Despite the adequate criticisms, I want to highlight one profound aspect of the text that truly encapsulates what I feel to be the essence of ‘the contemporary’.  Yanagihara sets up this idea of contemporaneity with what is portrayed but also, and more importantly perhaps, what is omitted.  The readers observes the obvious characteristics of contemporary social culture: communal living, the breakdown of nation boundaries through what seems like ceaseless wanderlust, a present–yet still underrepresented in some sense–emphasis on racial consciousness and identity.  However, what readers do not see much of over the course of the text proves one of if not the most singular symptom of contemporary culture: technology.  Text messaging and email are both referenced, but Yanagihara goes no further.  We do not see the reliance on smart phone applications and social media that one may expect to observe in a text so inherently tied to contemporary identity.  Perhaps this is partly due to the success all four men begin achieving as their lives unfold, or perhaps there is something deeper, something more metaphysical going on here.

I was reminded consistently while reading A Little Life of Giorgio Agamben’s work on the notion of the contemporary.  He postulates, ‘Contemporariness is, then, a singular relationship with one’s own time, which adheres to it and, at the same time, keeps a distance from it.
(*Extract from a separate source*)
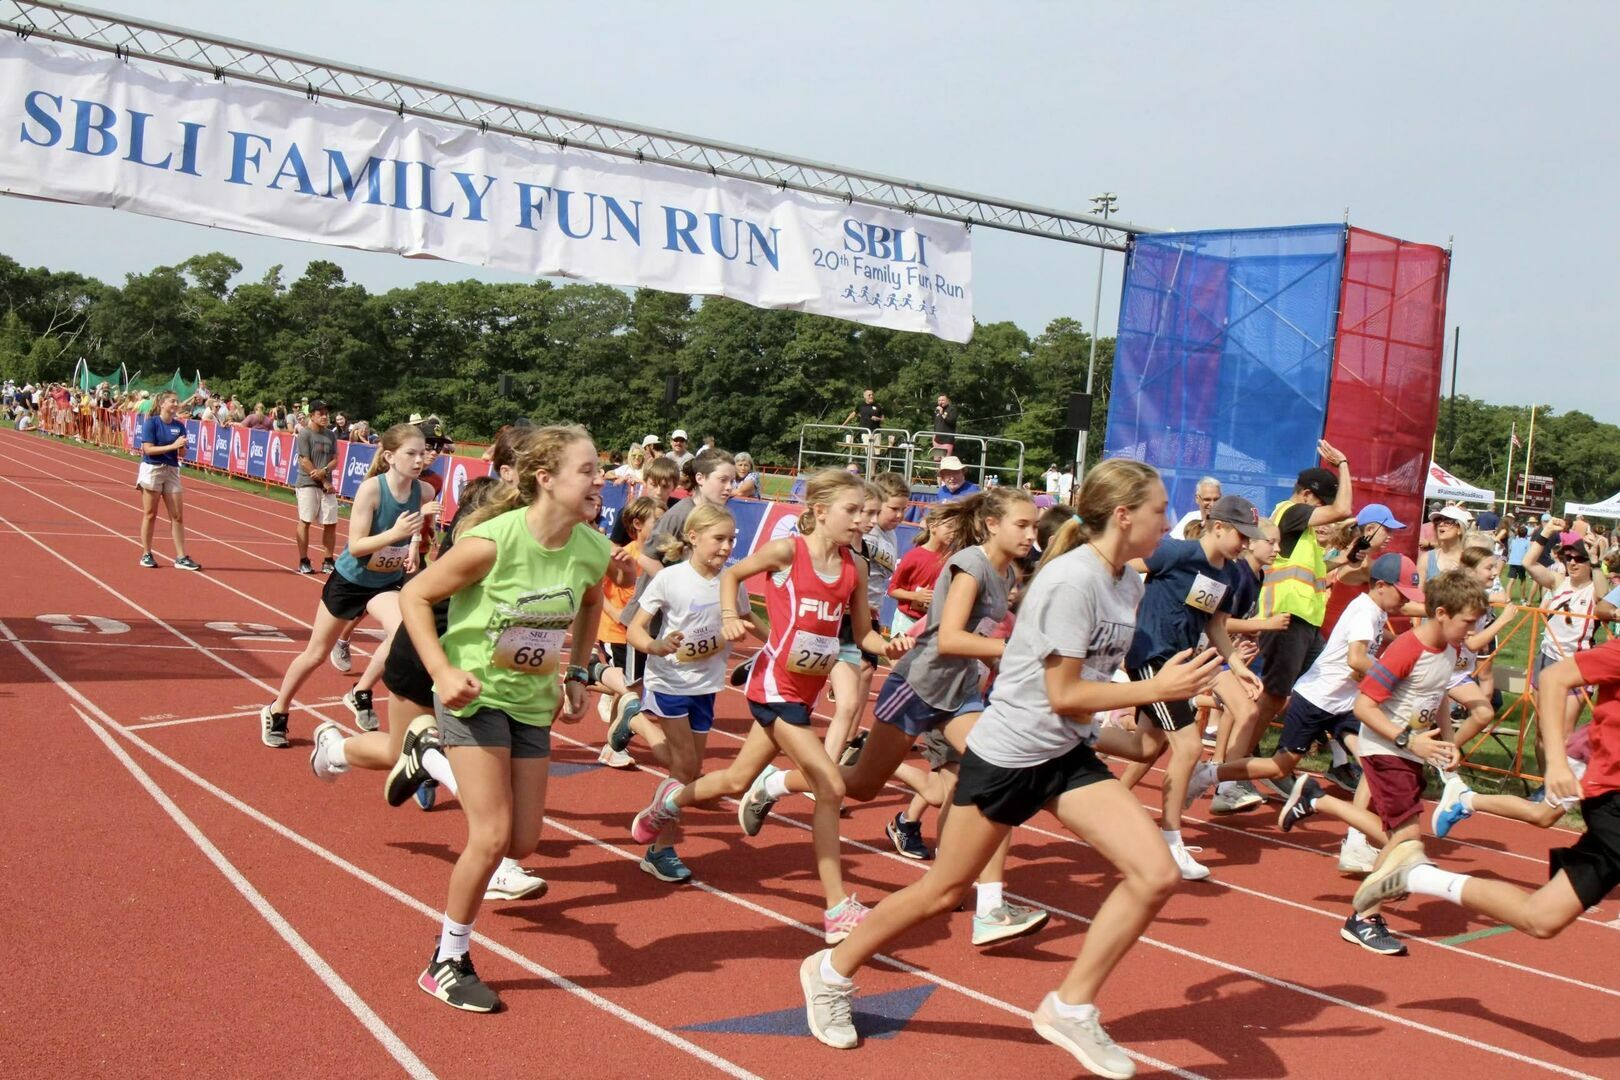 21st Annual SBLI Family Fun Run, Falmouth, Massachusetts, United States

More precisely, it is that relationship with time that adheres to it through a disjunction and an anachronism’ (41).  This is exactly the distinction Yanagihara arranges in the narrative.  Readers see the characters fretting over exorbitant rent prices in Manhattan and using phones and computers to communicate, but social media and the internet more broadly are scarcely mentioned if at all.  In this way, we have a ‘relationship’ with contemporary culture that proves ‘a disjunction and an anachronism’ while still exhibiting clear signs that associate it with a world we recognise.

I was both frustrated with parts of the novel while also appreciative of the authorial risks Yanagihara takes in arranging it.  I wished for more moments of interiority from Malcolm and JB.  The first two hundred pages or so really excited me for what may come, but overall, as a reader, i felt slighted by the way in which the narrative offers certain insight without ultimately following through consistently.  We get the entirety of Jude’s abusive childhood that proves central to the overall narrative, but we only get snapshots of, for instance, the relationship between Malcolm and his parents and JB’s struggles with artistic fame and addiction.  Why is the reader offered these plotlines without the necessary closure?

Overall though, the novel proves exceptionally well-researched and the final section and ending are executed quite well.  The gripes it receives are not minor by any means, but Yanagihara still presents a narrative that focuses on the fundamental nature friendship in a contemporary, interconnected space that demonstrates the intrinsic importance of causality and chance.